I have multiple deep neural networks in my model and want them to have the same input sizes (networks are of different classes). For example, my model is:

class Model:
 def __init__(self, cfg: DictConfig):
   self.net1 = Net1(**cfg.net1_hparams)
   self.net2 = Net2(**cfg.net2_hparams)

Here, Net1 and Net2 have different sets of hyper parameters, but among which the input_size parameter is shared between Net1 and Net2, and have to be matched, i.e., cfg.net1_hparams.input_size == cfg.net2_hparams.input_size.

I could define the input_size at the parent level: cfg.input_size and manually pass them to both Net1 and Net2. But, I want the hparams-configs of each Net's are complete so that later I can build Net1 only using the cfg.net1_hparams.
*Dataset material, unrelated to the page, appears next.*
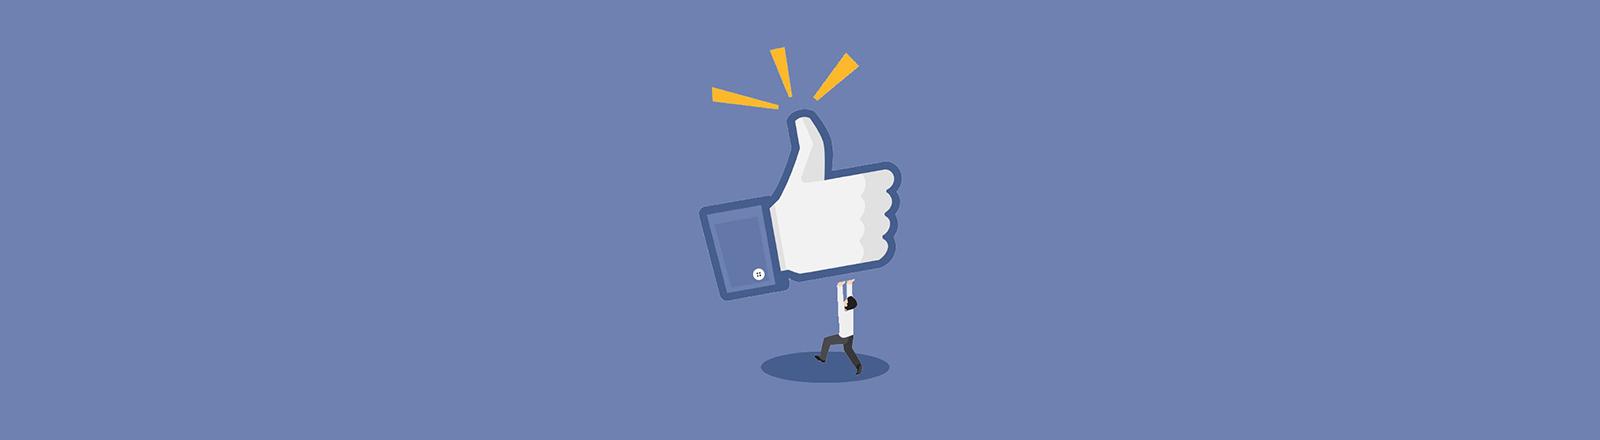 facebook-giant-thumb-eye

Is there a good way to achieve this in hydra?

nzer0
  • 315
  • 2
  • 10

1 Answers1

3

This can be achieved using OmegaConf's variable interpolation feature.

Here is a minimal example using variable interpolation with Hydra to achieve the desired result:

# config.yaml
shared_hparams:
  input_size: [128, 128]
net1_hparams:
  name: net one
  input_size: ${shared_hparams.input_size}
net2_hparams:
  name: net two
  input_size: ${shared_hparams.input_size}
"""my_app.py"""
import hydra
from omegaconf import DictConfig

class Model:
    def __init__(self, cfg: DictConfig):
        print("Net1", dict(**cfg.net1_hparams))
        print("Net2", dict(**cfg.net2_hparams))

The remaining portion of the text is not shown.